[Start of Attachment]

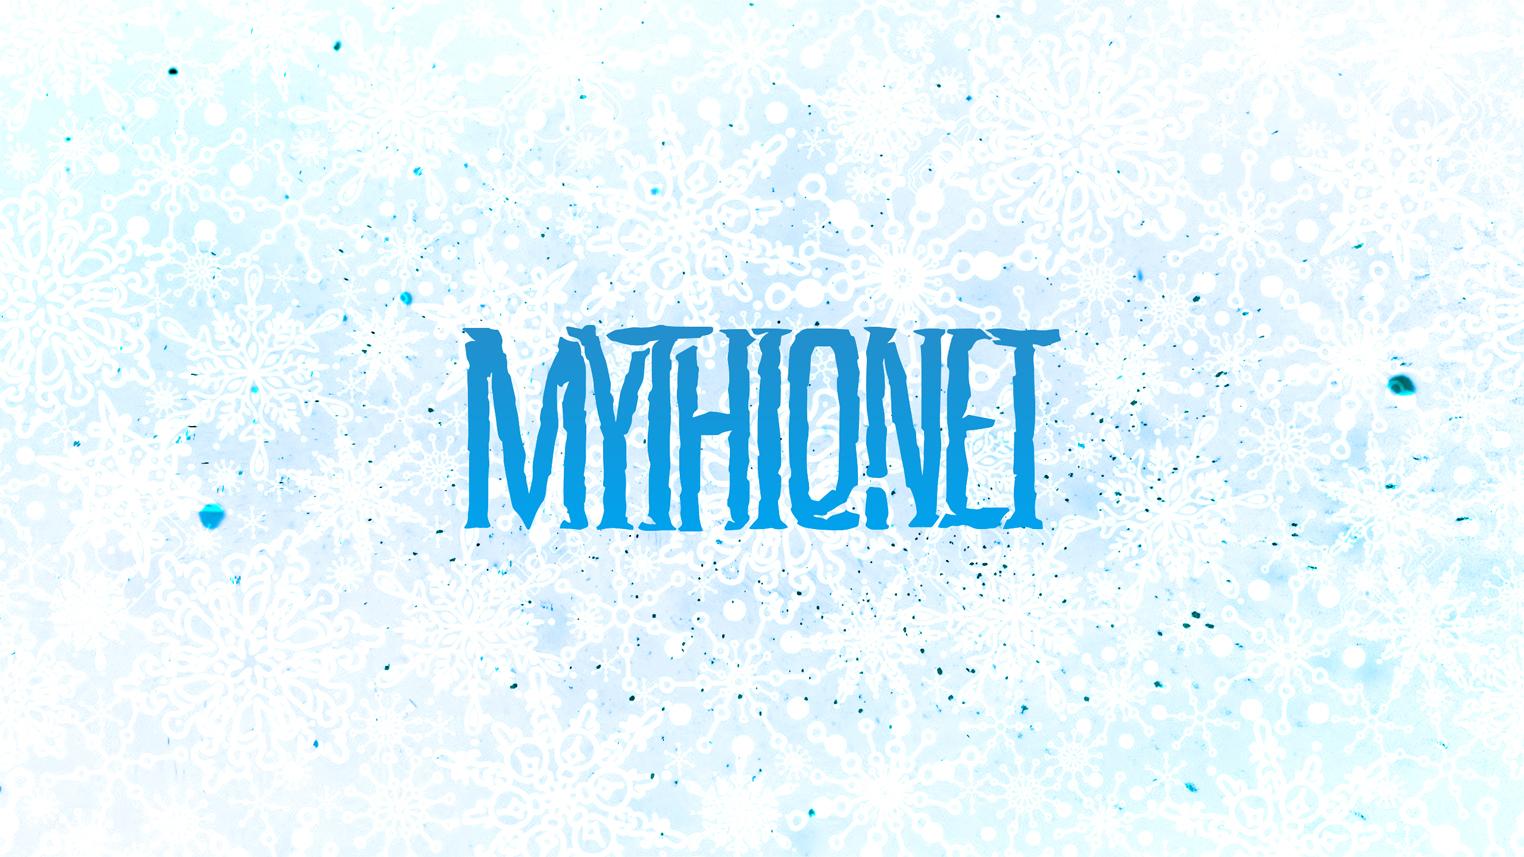 Happy holidays from Mythiq.net!
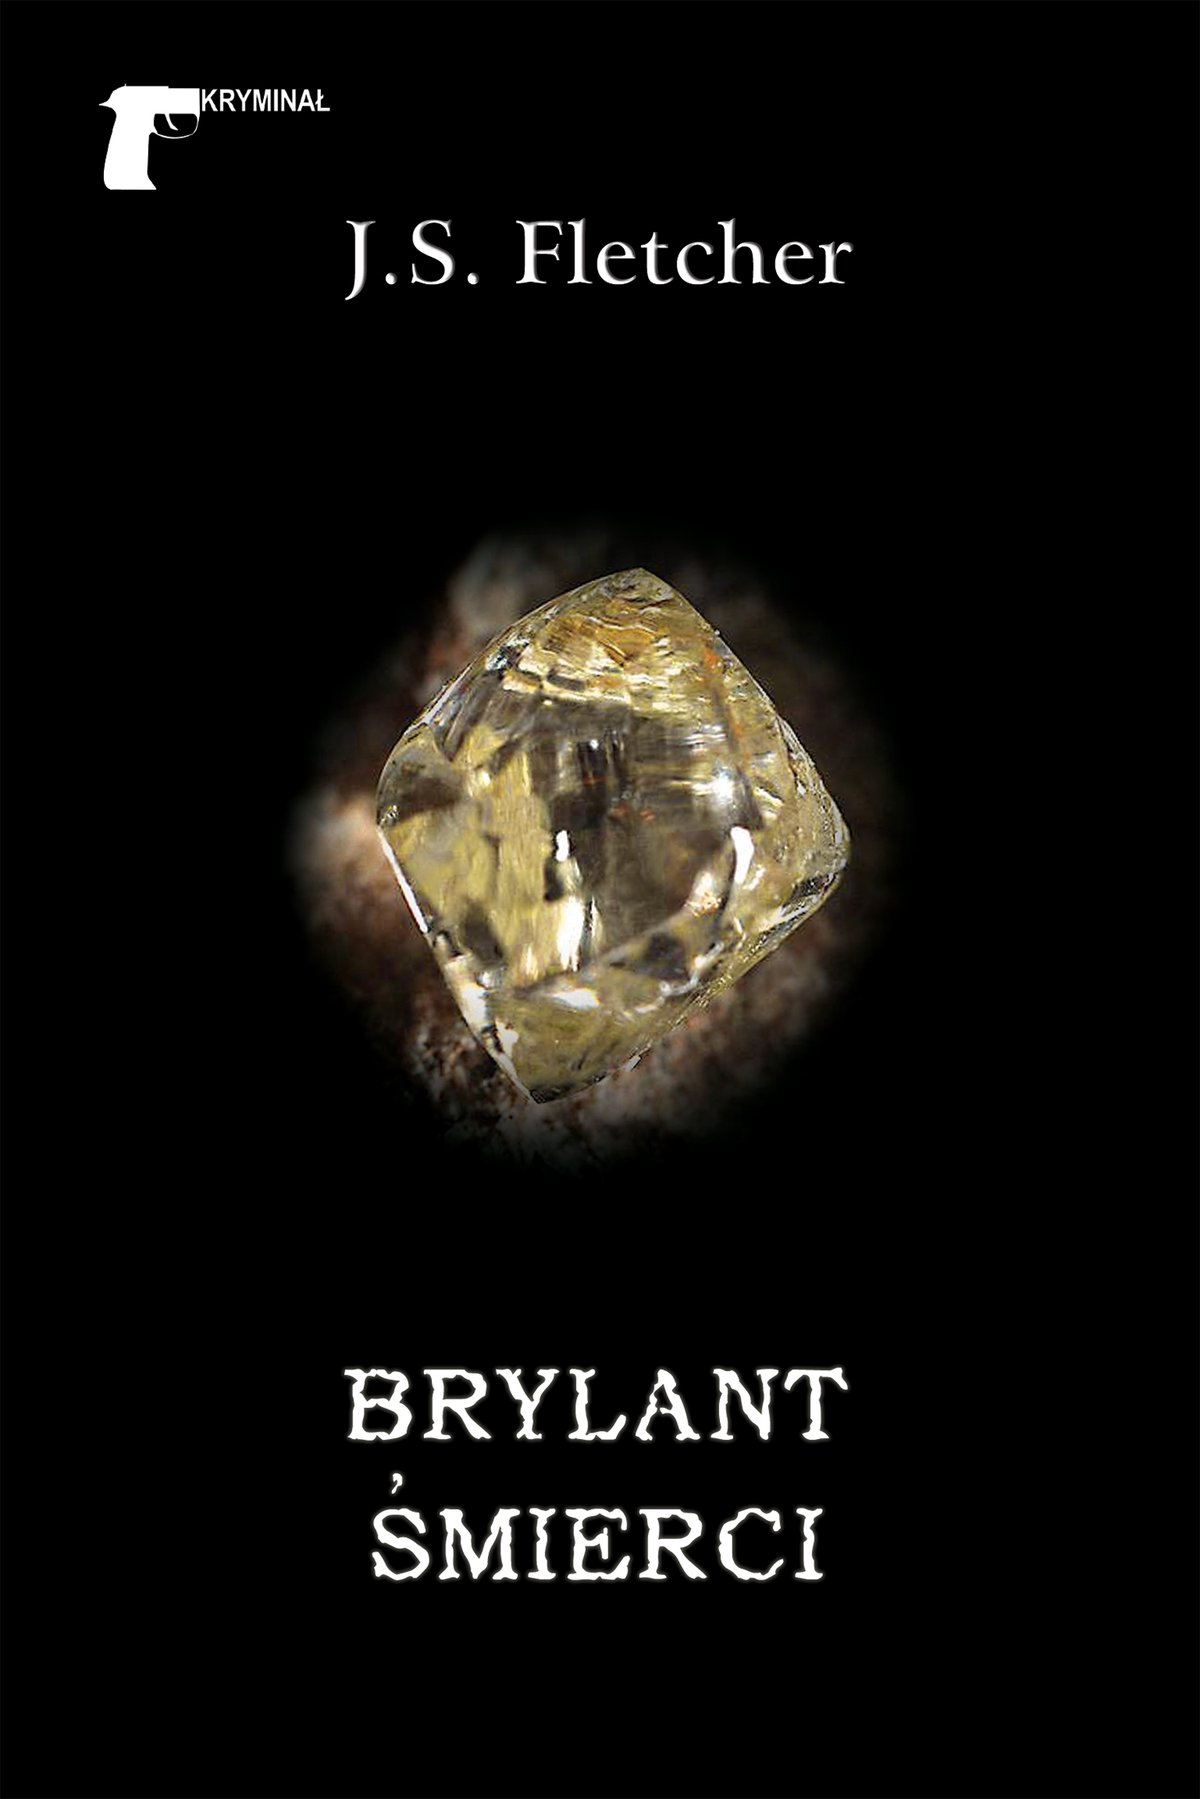 Brylant śmierci - Ebook (Książka EPUB) do pobrania w formacie EPUB
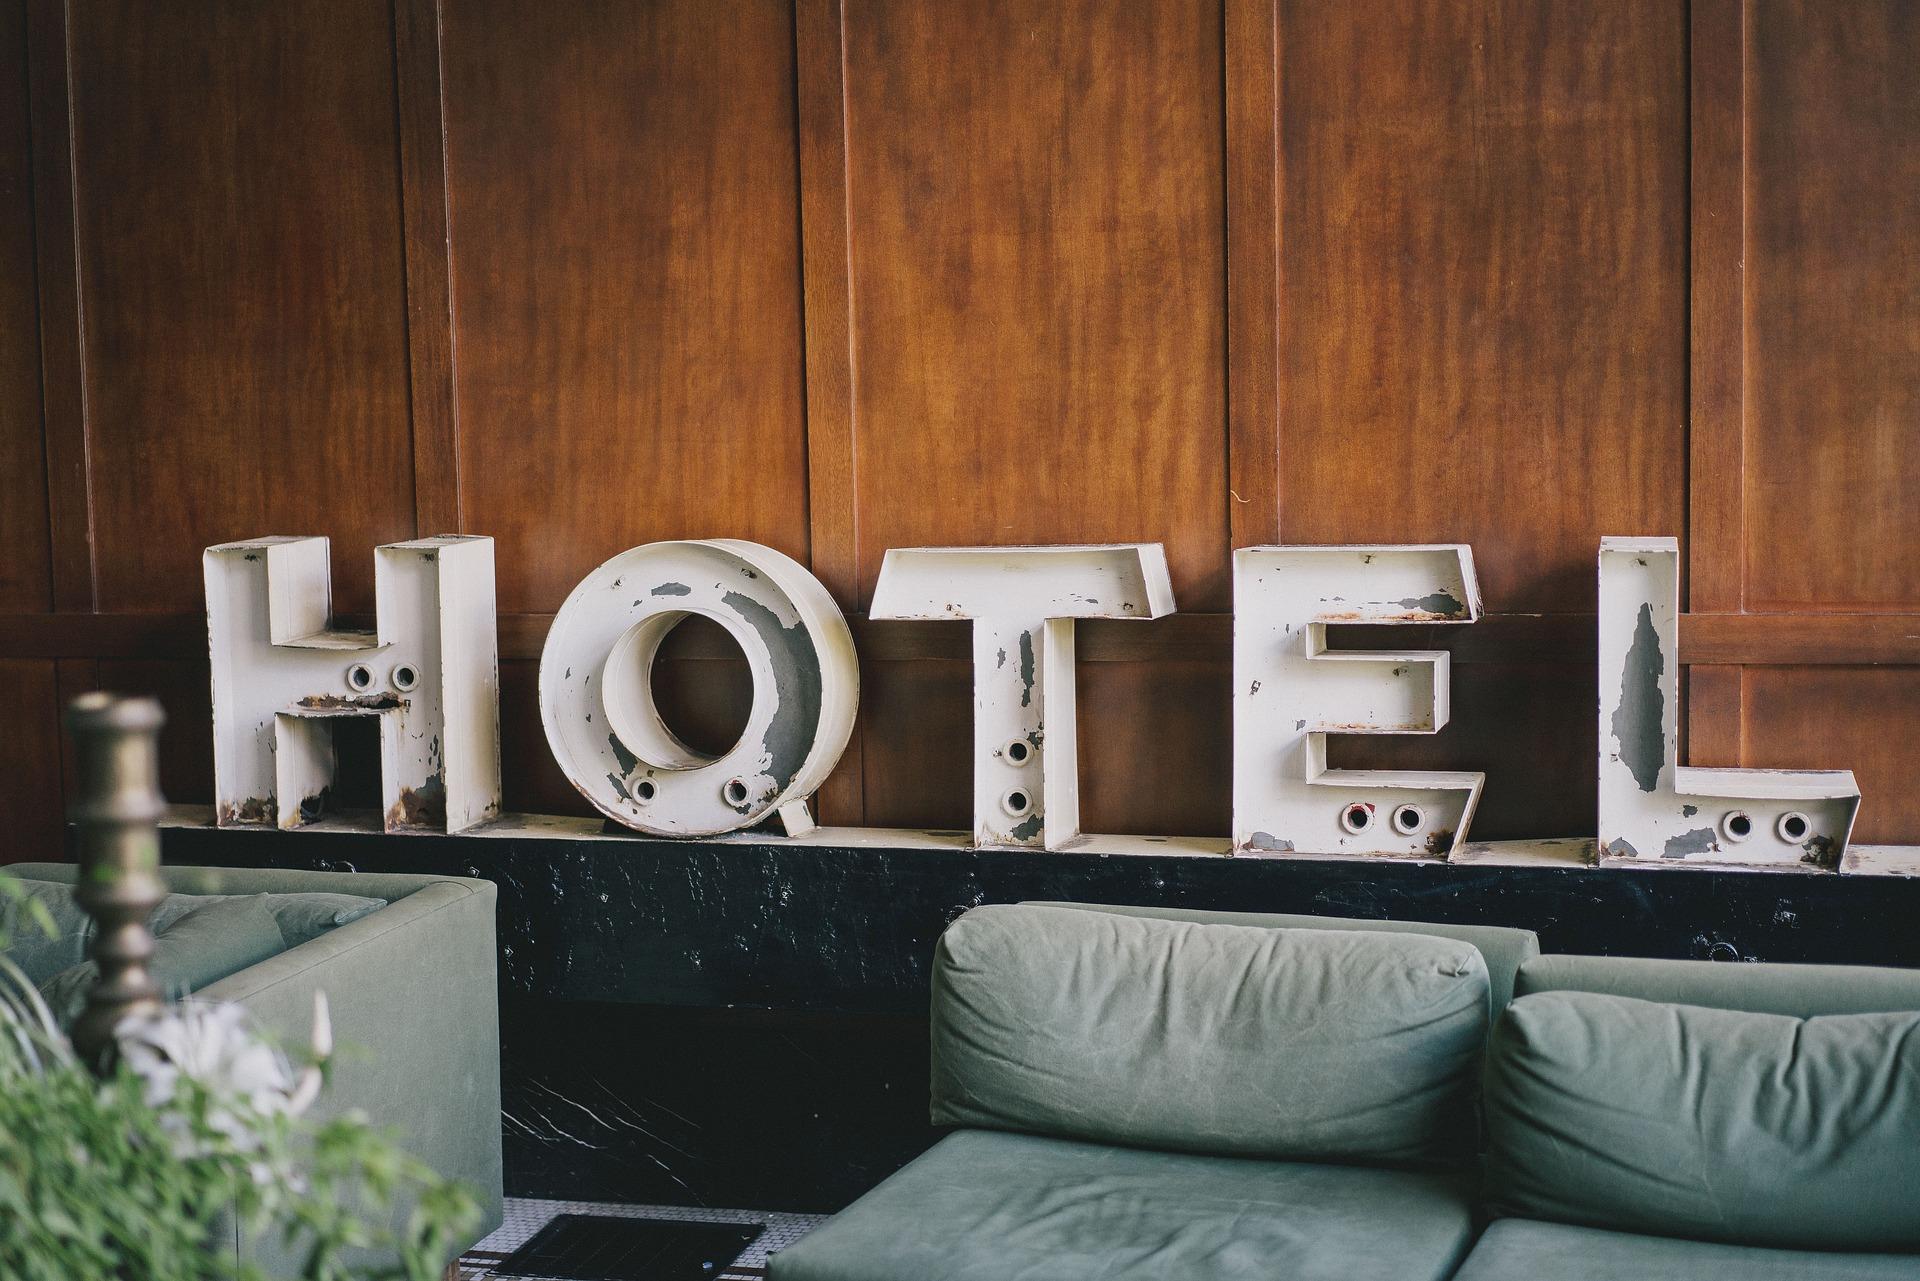 foto de letras que deletrean HOTEL
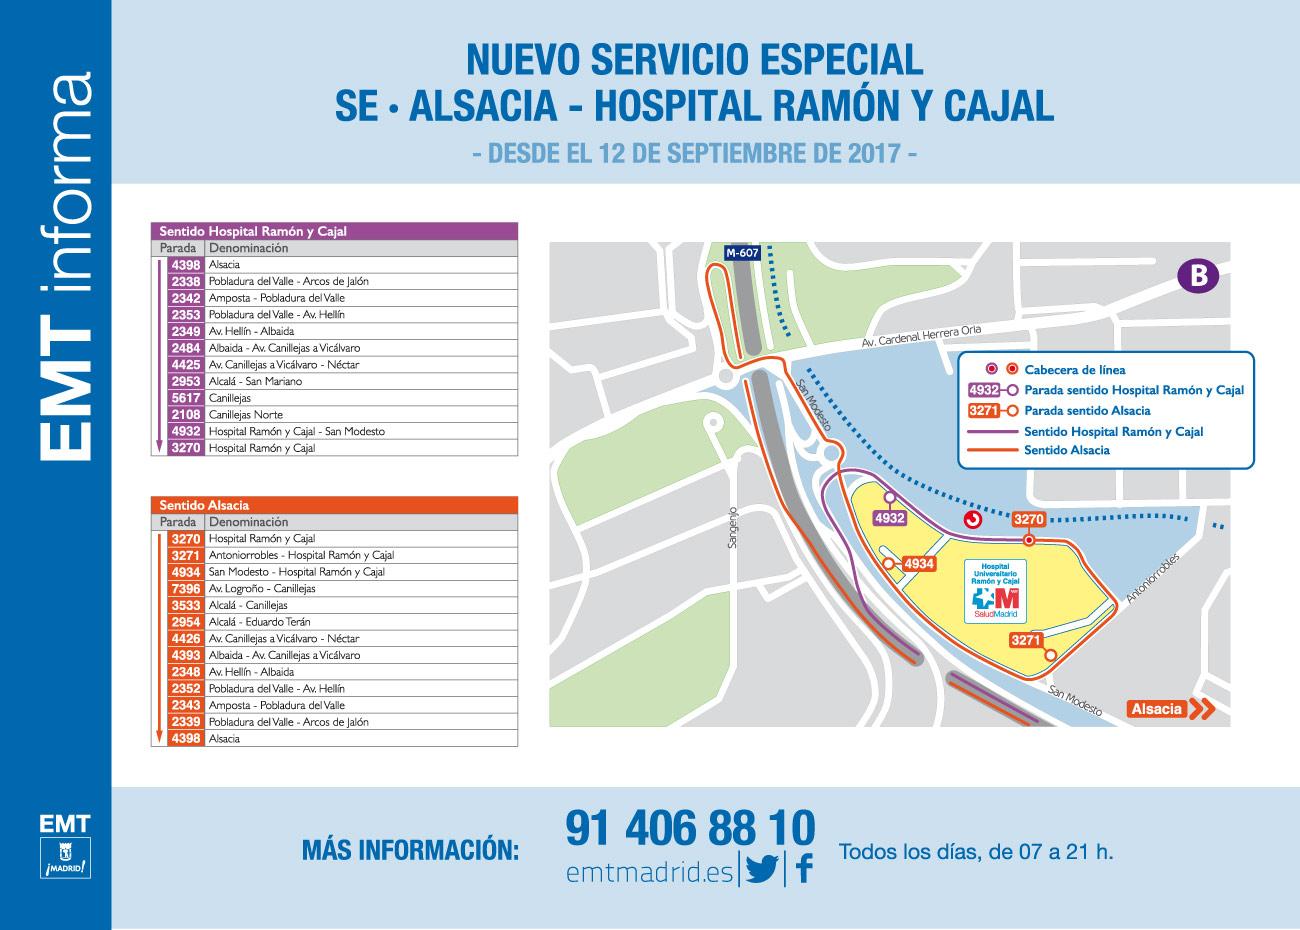 EMT Nuevo Servicio: Alsacia - Ramón y Cajal

[End of Attachment]

The answer should be the full material above, printed exactly, with no pictures in it.

• Output below:
 Happy holidays from Mythiq.net!
 Brylant śmierci - Ebook (Książka EPUB) do pobrania w formacie EPUB
 foto de letras que deletrean HOTEL
 EMT Nuevo Servicio: Alsacia - Ramón y Cajal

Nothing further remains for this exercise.